*** Opening of Supplied data ***

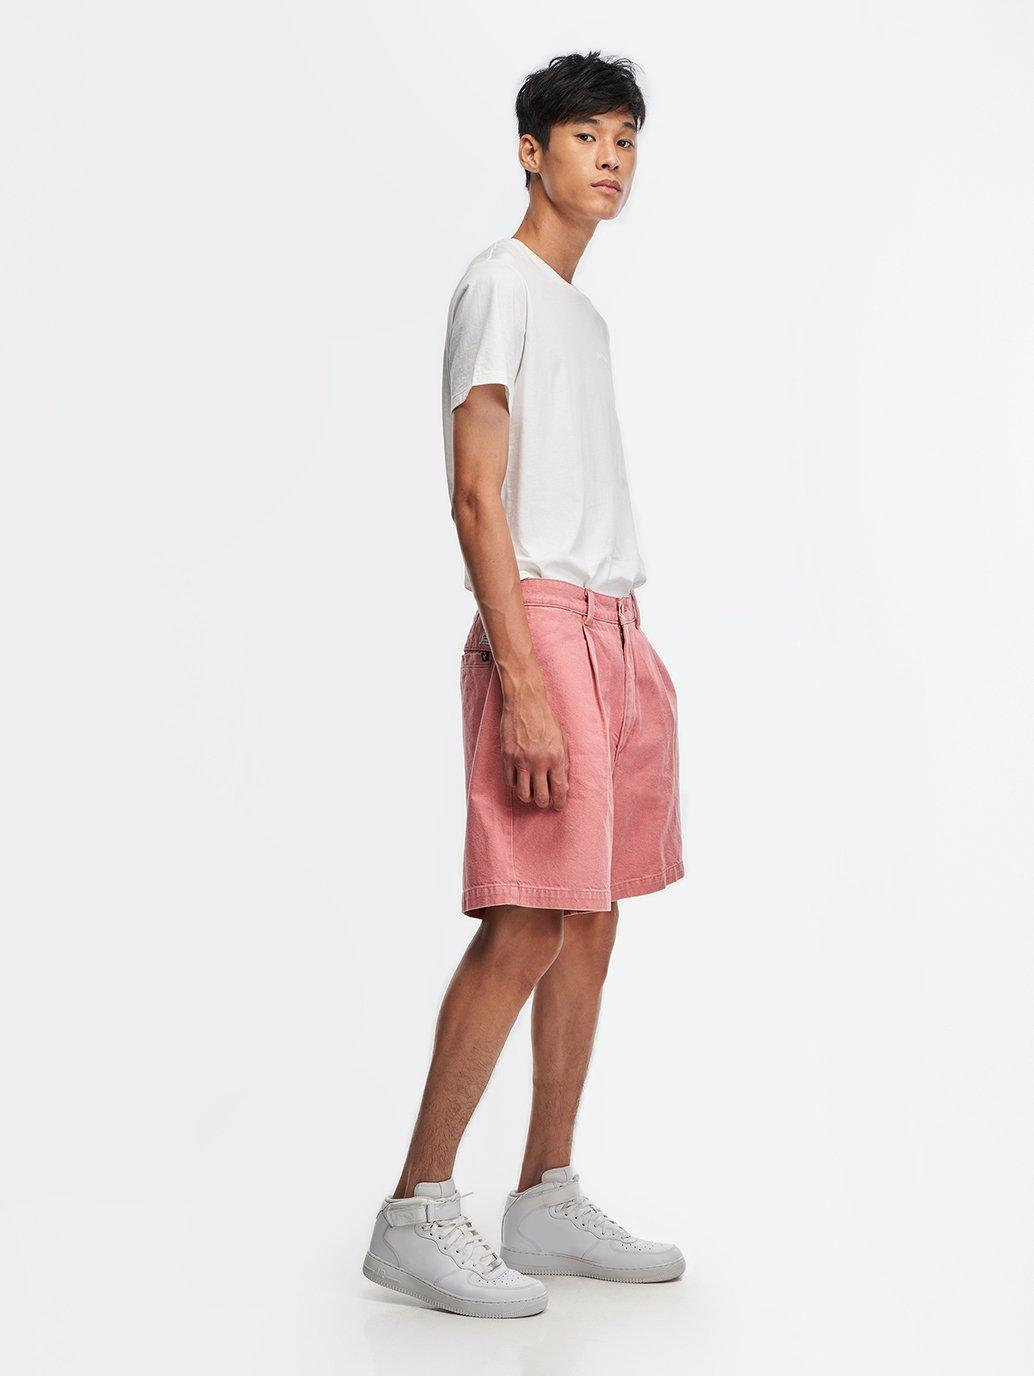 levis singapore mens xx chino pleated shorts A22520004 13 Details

*** Close of Supplied data ***
*** Opening of Supplied data ***

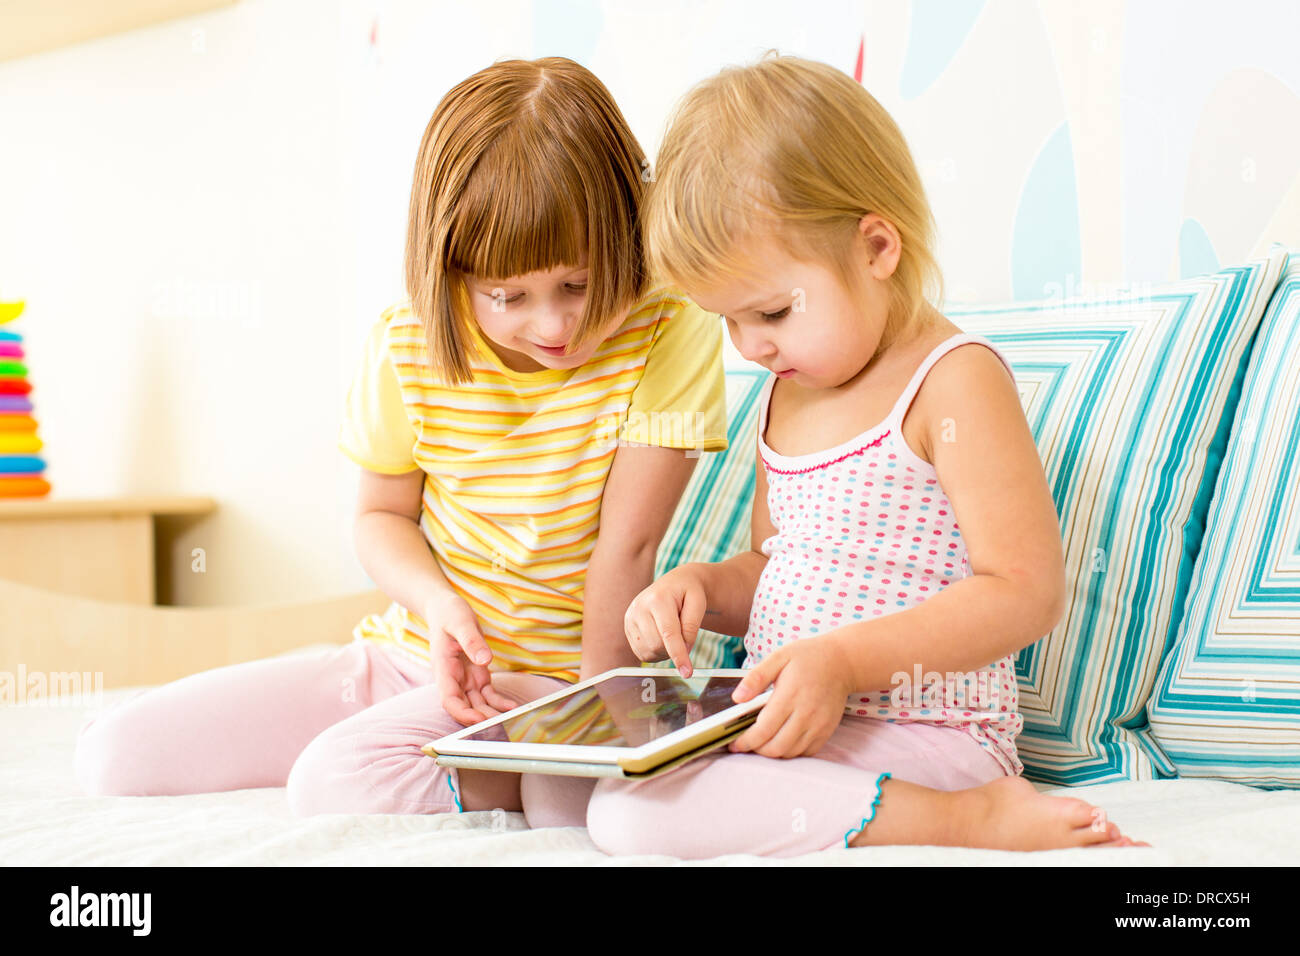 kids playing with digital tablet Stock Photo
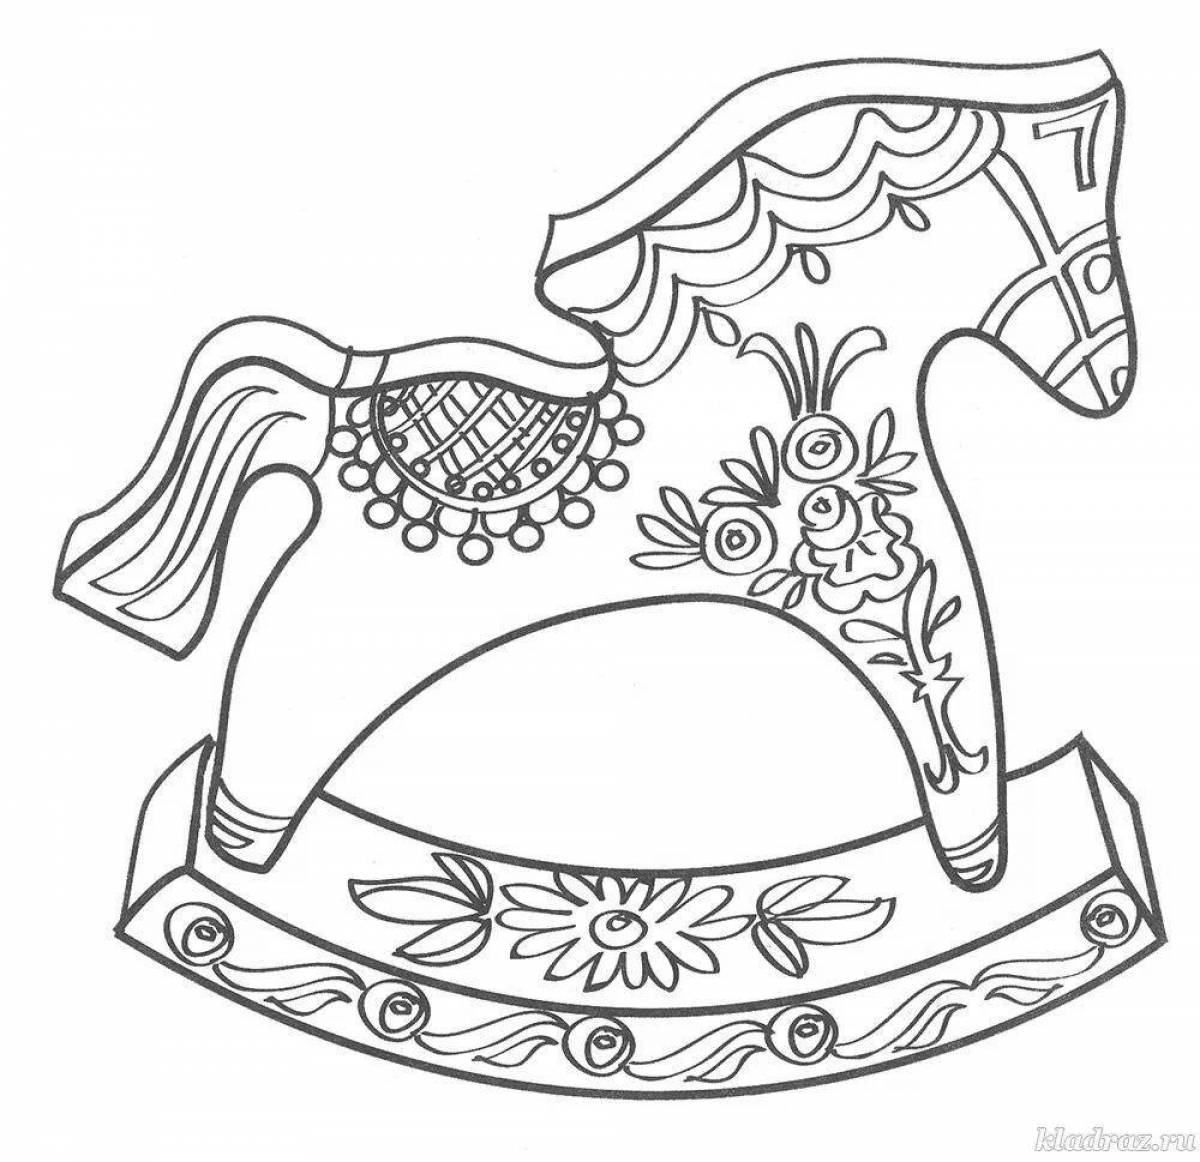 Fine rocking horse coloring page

*** Close of Supplied data ***

--- Task details ---
What should come back is an exact copy of the lines above from the line with "kids playing with digital tablet Stock Photo" to the line with "Fine rocking horse coloring page", both included, minus the pictures.

--- Response area ---
 kids playing with digital tablet Stock Photo
 Fine rocking horse coloring page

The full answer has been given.